They don't know what sits beneath the eddying surface. And they never will.
Twice there was a demand for me to seek the guidance of a licensed therapist; I rebuked both the recommendations and the person from the psych ward who was sent to see me.
Finally, they no longer could hold me – like a prisoner – and released me to the safety of my home. My apartment, now the domicile of my mother, uncle, Nick, and my twin sister.
I groan immediately upon entering the door, "What the hell are all of you doing here?" No one responds while I get a good look around.
It's not surprising in the least that they have cleaned up, but it's…geez. It's comforting that people actually took the time to spruced up the atrocity that was this space. My computer can actually be used now, because it's been taken out of the box and assembled. The dirty clothes I hadn't had time to clean are folded neatly on the bottom stair of the spiral which heads to my loft bedroom. All the dirty plates and take-out food containers are trashed, replaced with clean pots, pans, and china.

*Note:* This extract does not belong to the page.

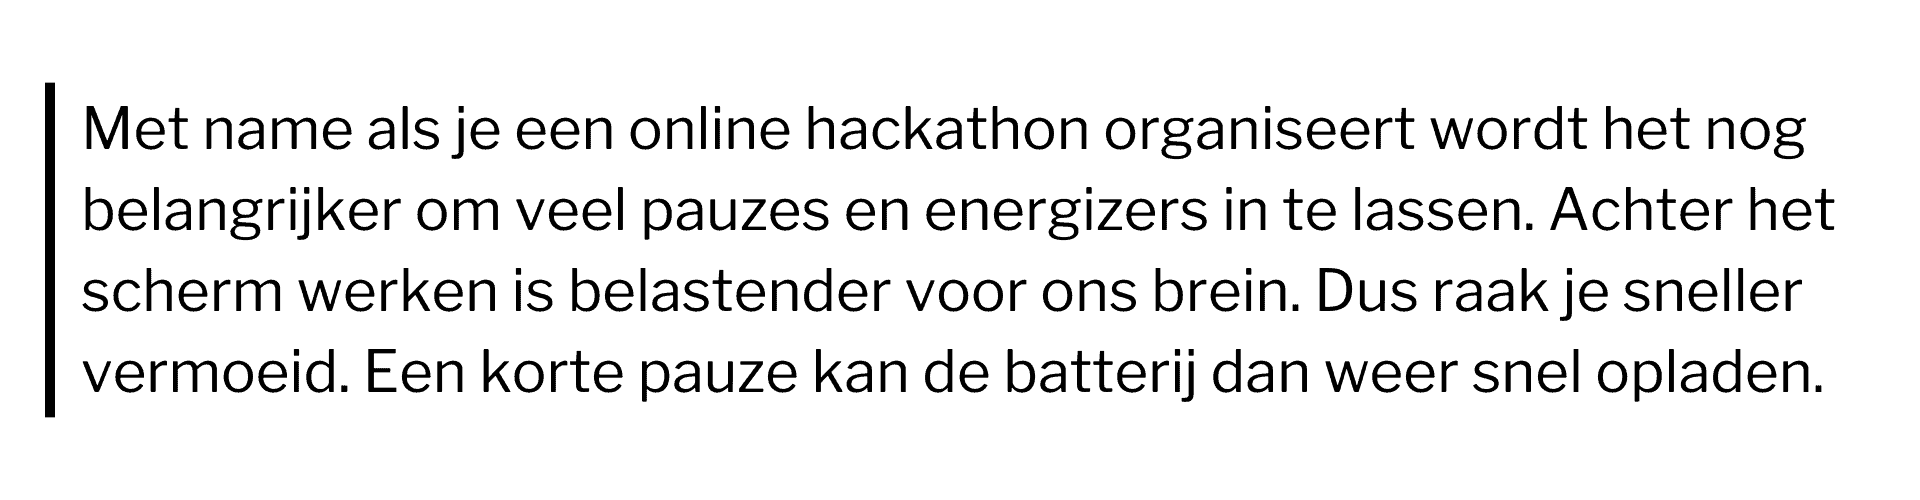 Hackathon organiseren quote

My sofa is recognizable as a piece of furniture and all the end/coffee tables are no longer covered with articles and books, as they've been placed onto the bookcases that had been housing my knickknacks. The small items now sit atop the piano and other, more convenient surfaces. The paintings and photos I wanted to hang have been, in tasteful places.
"Well, hello to you too." Evdokia looks at me with that look…that look that asks 'what-are-you-doing-to-yourself?' and requires an answer.
But I don't need to tell her what I have been doing, because she already knows and she's probably formulating a plan to get me to some mental professional's office. Worse, if that's truly so, I will end up at one. I cannot and will not fight with Kia. I've fought many battles with her. And lost every single one.
"Kia…please…I'm tired." I want so badly to slip into Russian and say what I have to say to her, but I was taught manners. Manners that dictate that I won't speak a language if not everyone understands it. We'll have her conversation in the near future, when there are far less people around us. "I just want to sleep."
She smiles that calming smile, "I put lavender oil on your bed."
"Damn you." It's an automatic reply to her memories, as only my darling sister would manage to recall with clarity that I sleep best when a little spritz of the flower's scent is laid onto my bed linens.
My twin merely continues her grinning, says nothing. Instead, she shoves me, to the horror of everyone else. To me, it's just another measure of how much she loves me.
Even if it will end in heartbreak, she does love me intensely and I'm not afraid to say how much I love her either. It's just that I know in the end she will discover that I'm not worth saving, not worth being someone she should know. It's part of the reason I left home in the first place. So she could learn to live without me at her side.
Unlike our childhood.
The sixteen-year old bully ran off, clutching his nose while it bled sparkly. It slipped through the crevices of his fingers, dripping to his shoes and staining the ground.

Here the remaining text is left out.